***** DATA PROVIDED *****

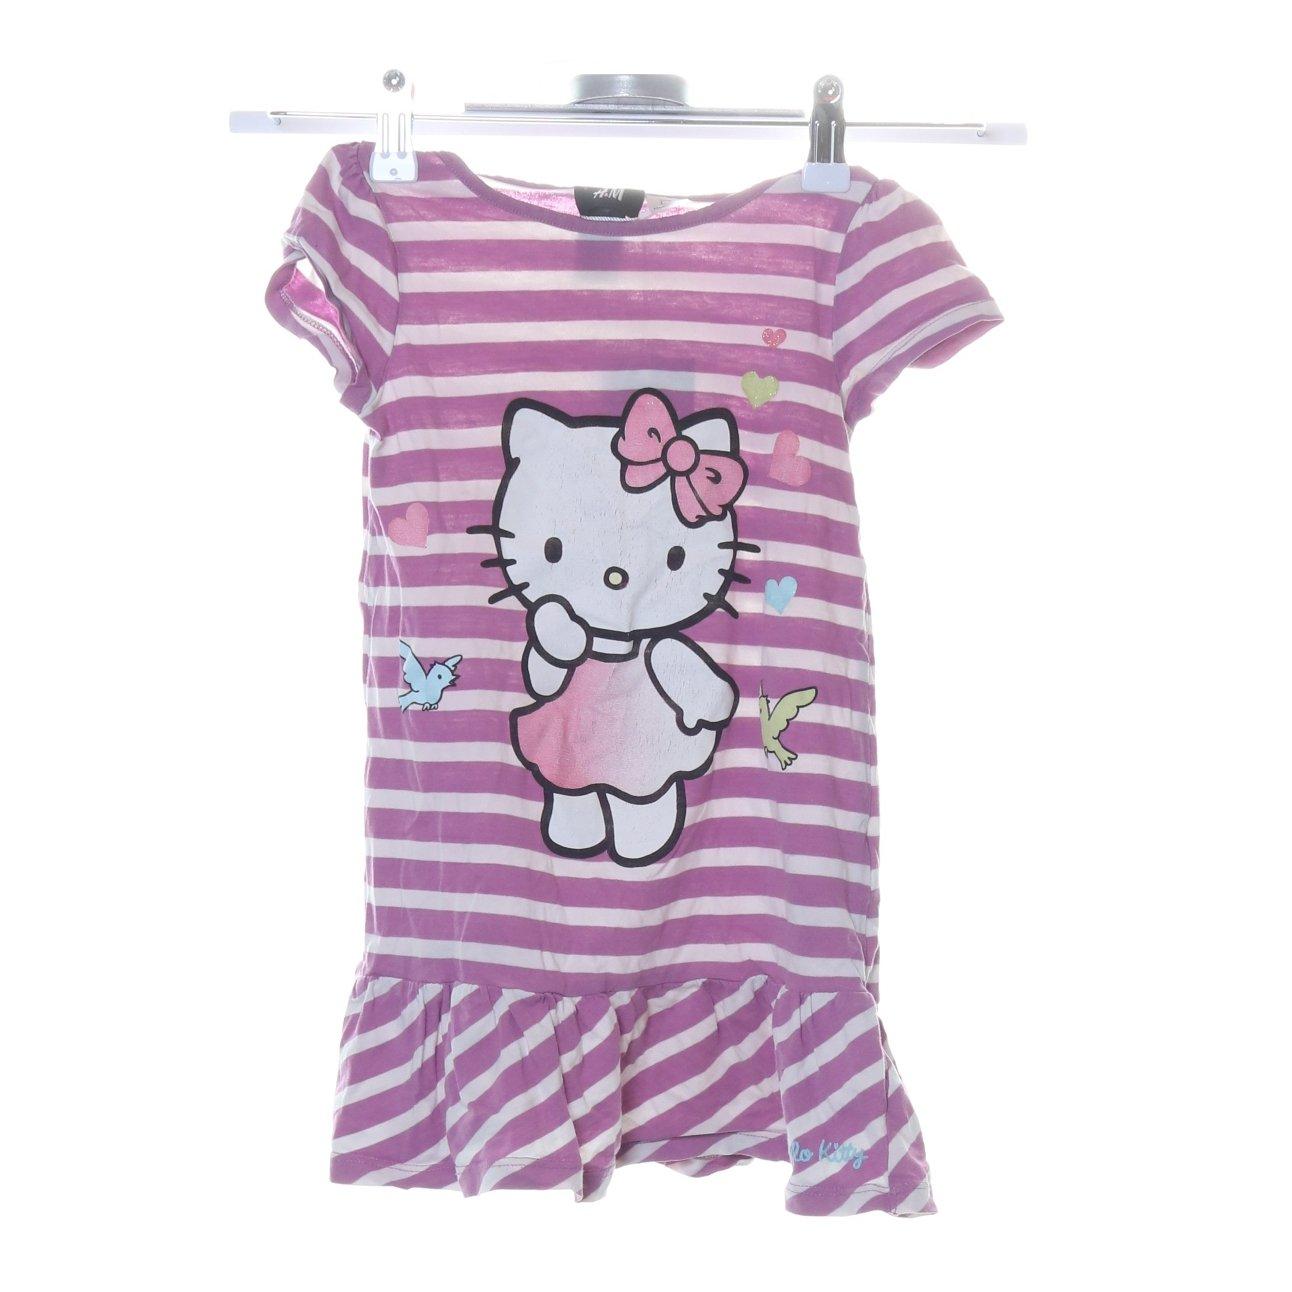 H&M kids x Hello Kitty, Klänning, Strl: 98, LilaVit
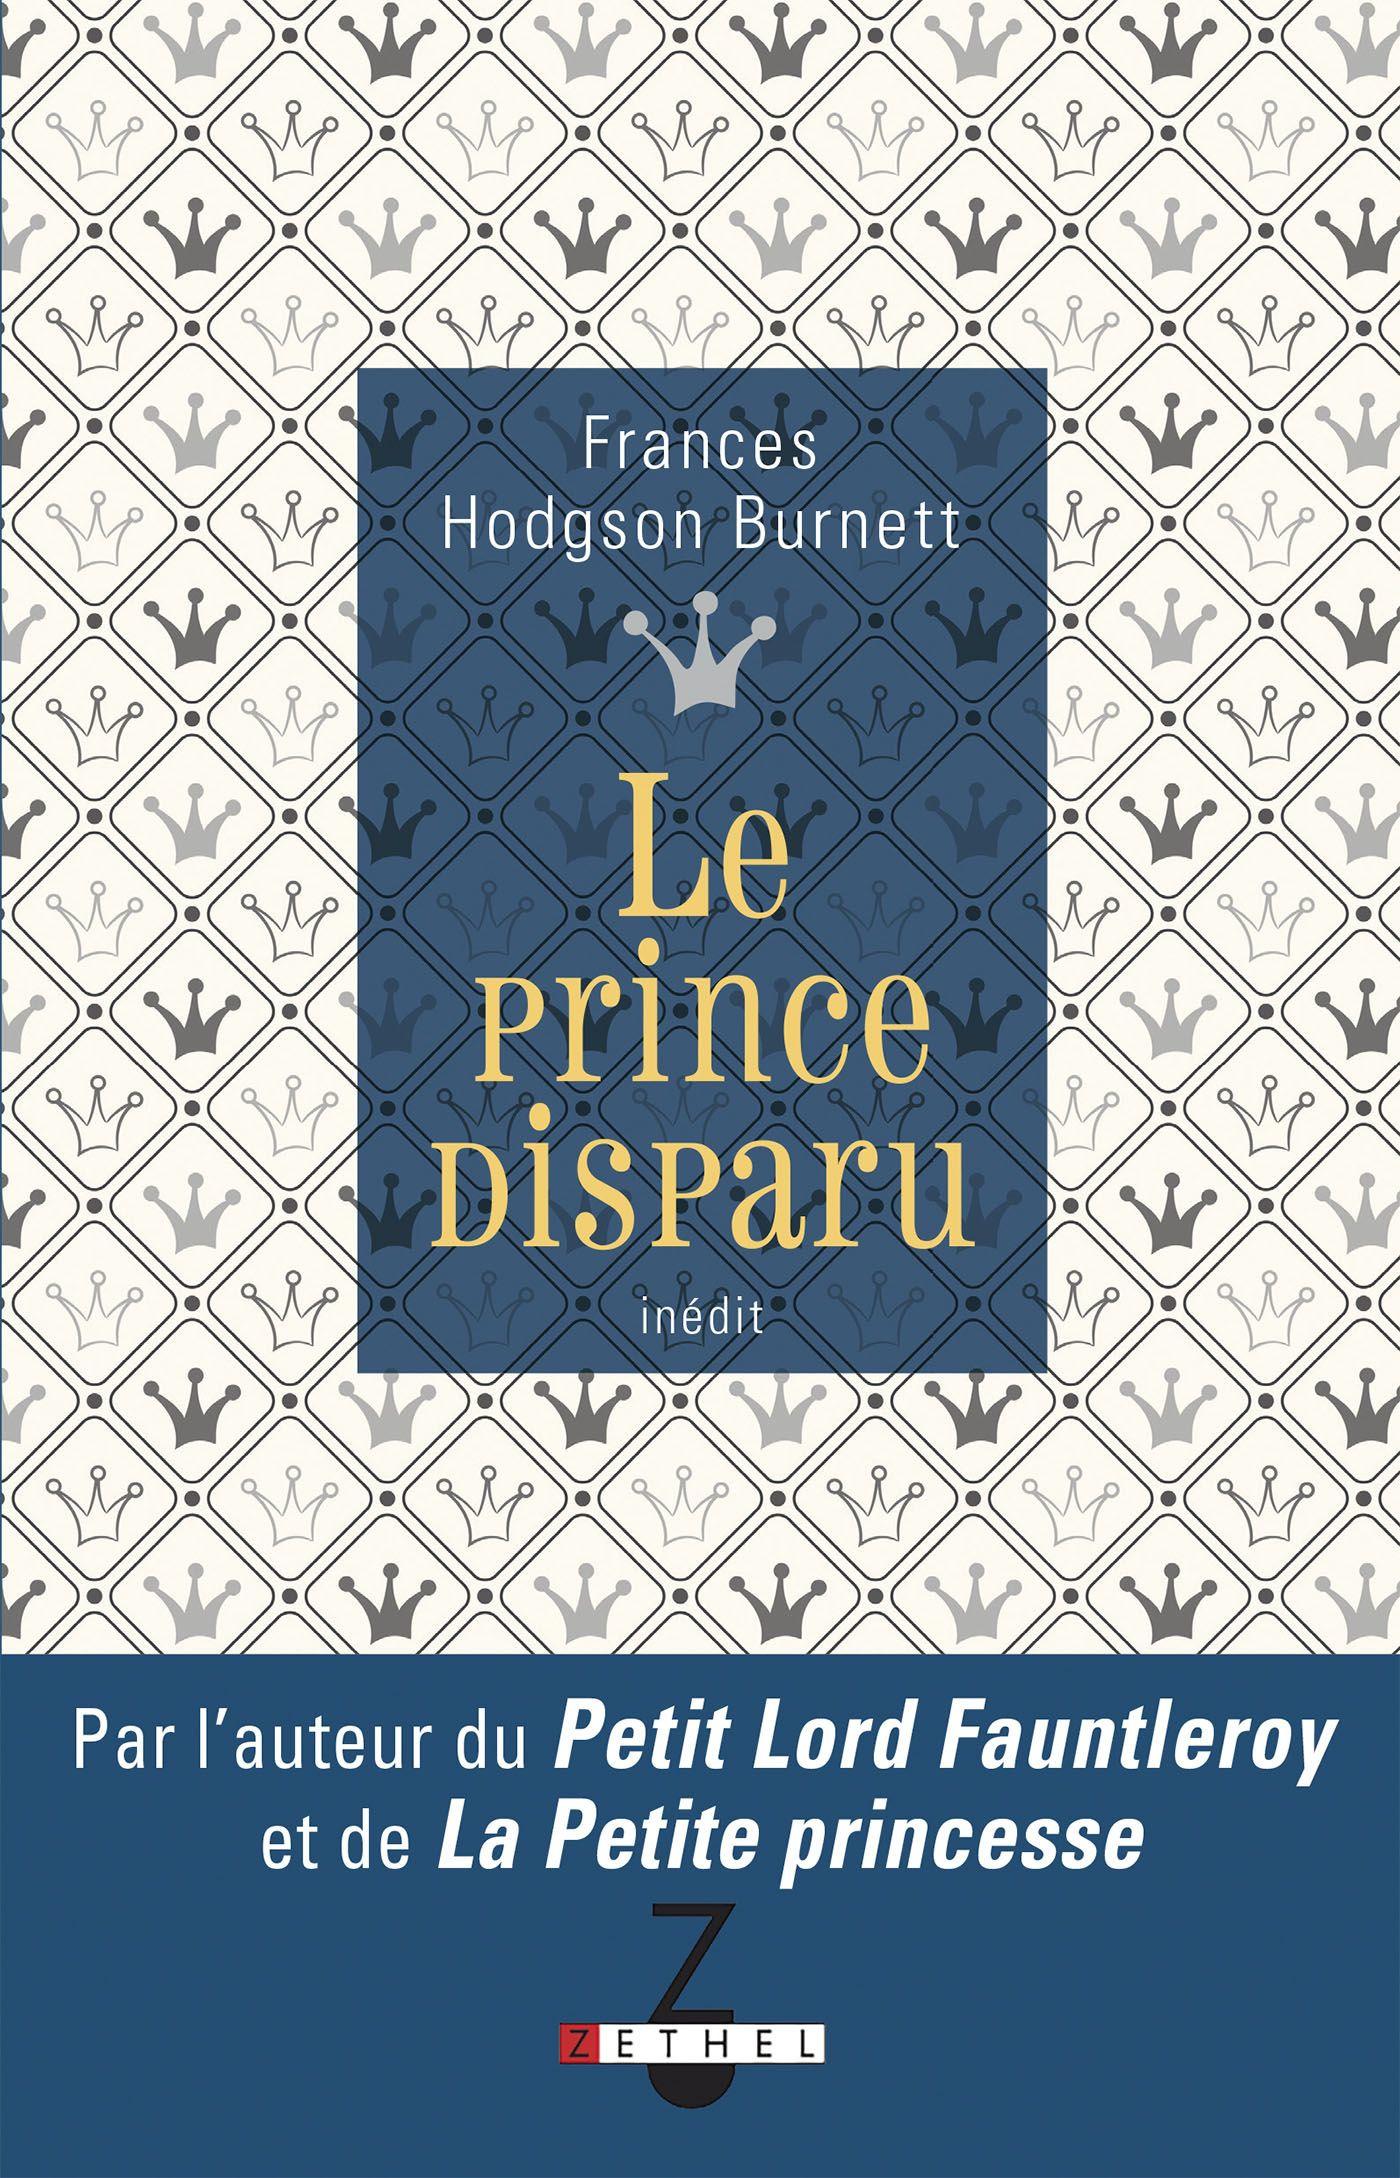 Le prince disparu, PAR L'AUTEUR DU PETIT LORD FAUNTLEROY ET LA PETITE PRINCESSE
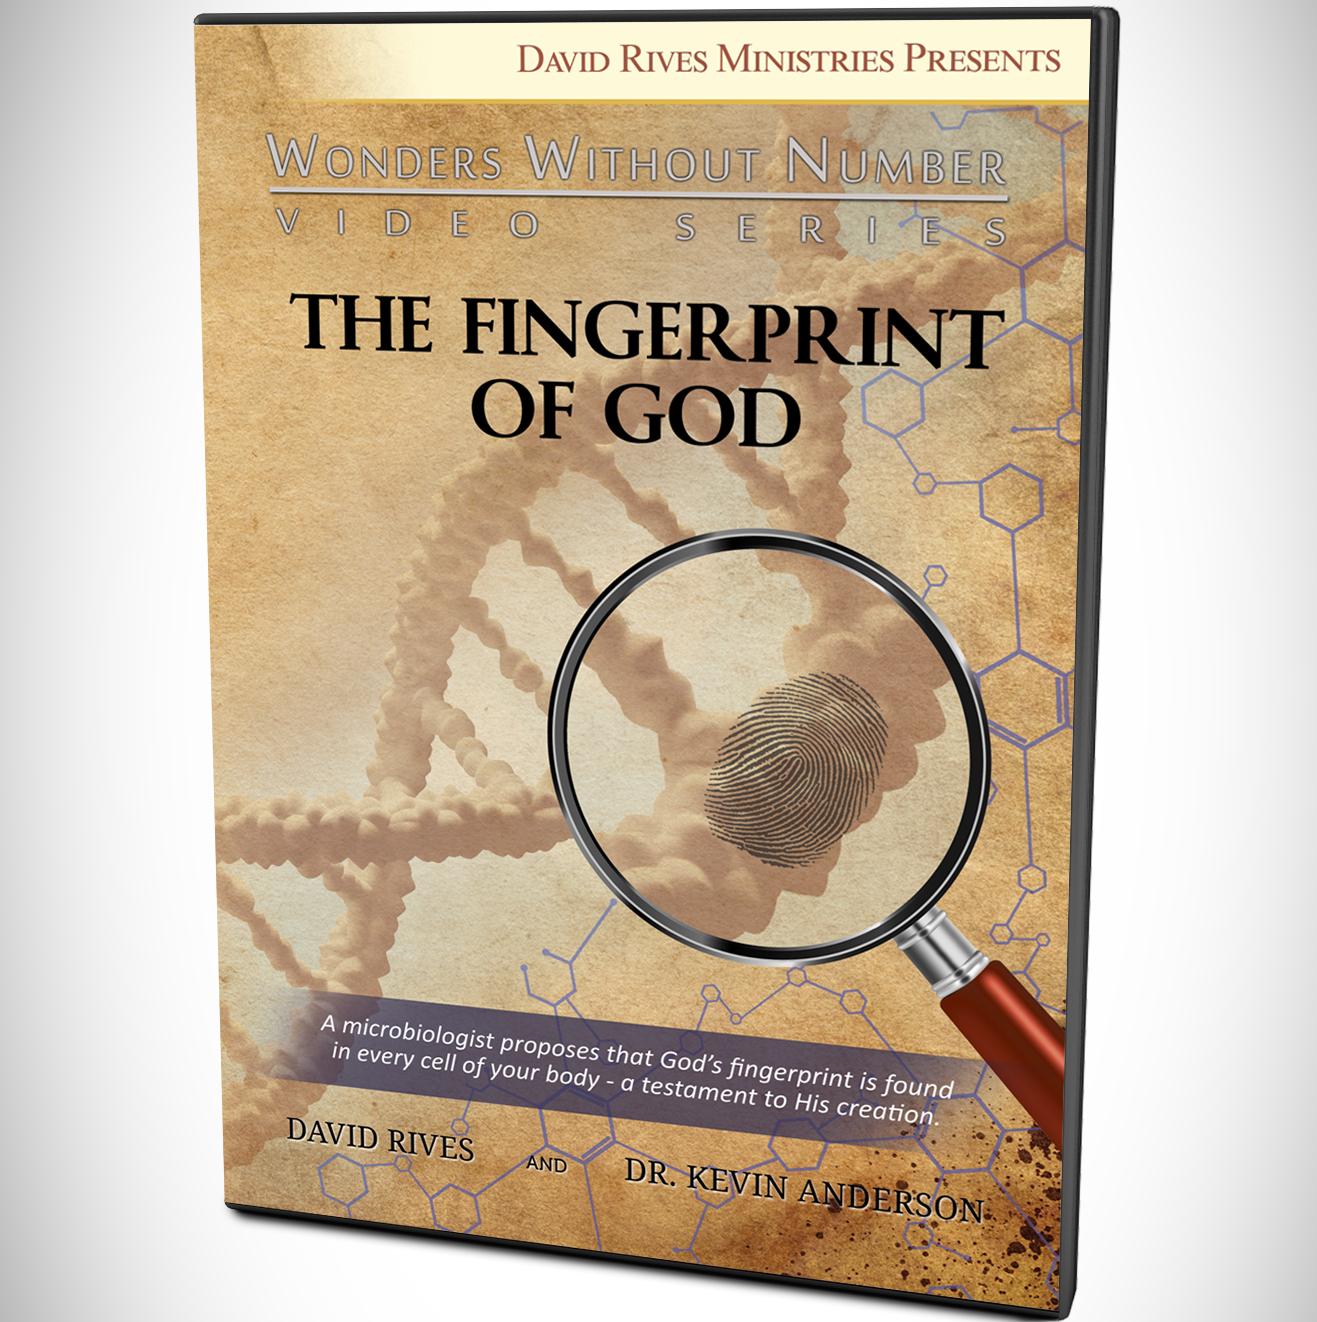 The Fingerprint of God DVD

*****

▶ INSTRUCTIONS FOR THE TASK: Once more, give the listing above exactly, leaving each picture out.

▶ ANSWER SECTION:
 H&M kids x Hello Kitty, Klänning, Strl: 98, LilaVit
 Le prince disparu, PAR L'AUTEUR DU PETIT LORD FAUNTLEROY ET LA PETITE PRINCESSE
 The Fingerprint of God DVD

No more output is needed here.